(Bloomberg) -- Binance, the operator of the world’s biggest crypto exchange, will allow institutional investors to keep the collateral for leveraged positions off the platform, a move to ease concerns caused by the collapse of one-time rival FTX.

The company said that such firms will have the option instead to post collateral with Binance Custody, which will hold the assets in so-called cold storage, or wallets that are unconnected to the internet. After the trades are settled, the assets would then become unlocked and accessible to the user again. 

Binance Custody, launched in 2021, is a separate legal entity registered in Lithuania, the company said. 

The collapse of FTX late last year sowed doubts about the ability of crypto exchanges to keep assets safe after prosecutors alleged it misused customers’ funds. 

After FTX’s demise, users yanked funds from Binance and other rivals. At the peak of that pullback in early December, users withdrew billions of dollars in one day from Binance’s trading platform. Additional concern surfaced in mid December when the accounting firm Mazars halted work for Binance and other crypto firms on proof-of-reserves reports.  

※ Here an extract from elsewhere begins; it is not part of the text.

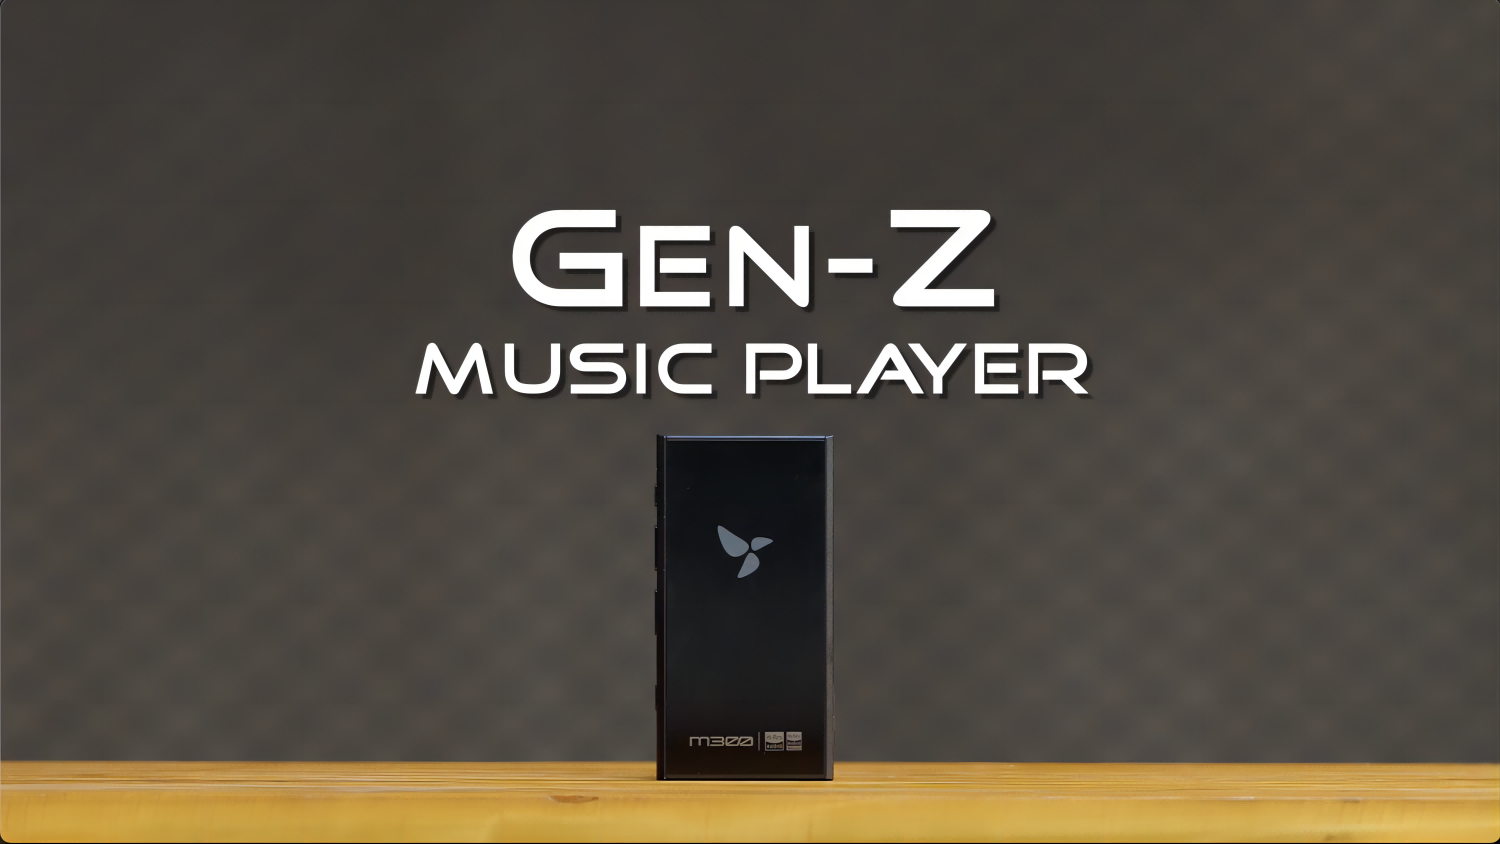 Load video: The Gen-Z music player

“Our clients are a lot more conscious of managing risks,” said Catherine Chen, the head of VIP & Institutional at Binance, in an interview. “We hear from our users that they love to trade on Binance, but at the same time they are getting ‘pressure’ from their internal risk control. For them to scale up further activities on Binance, they need to look for ways to help them diversify the on-exchange risks.” 

Binance’s institutional arm, catering to proprietary trading firms, hedge funds, family offices and others, said its new clients increased by 17.4% in the fourth quarter from the prior quarter, according to a company spokesperson.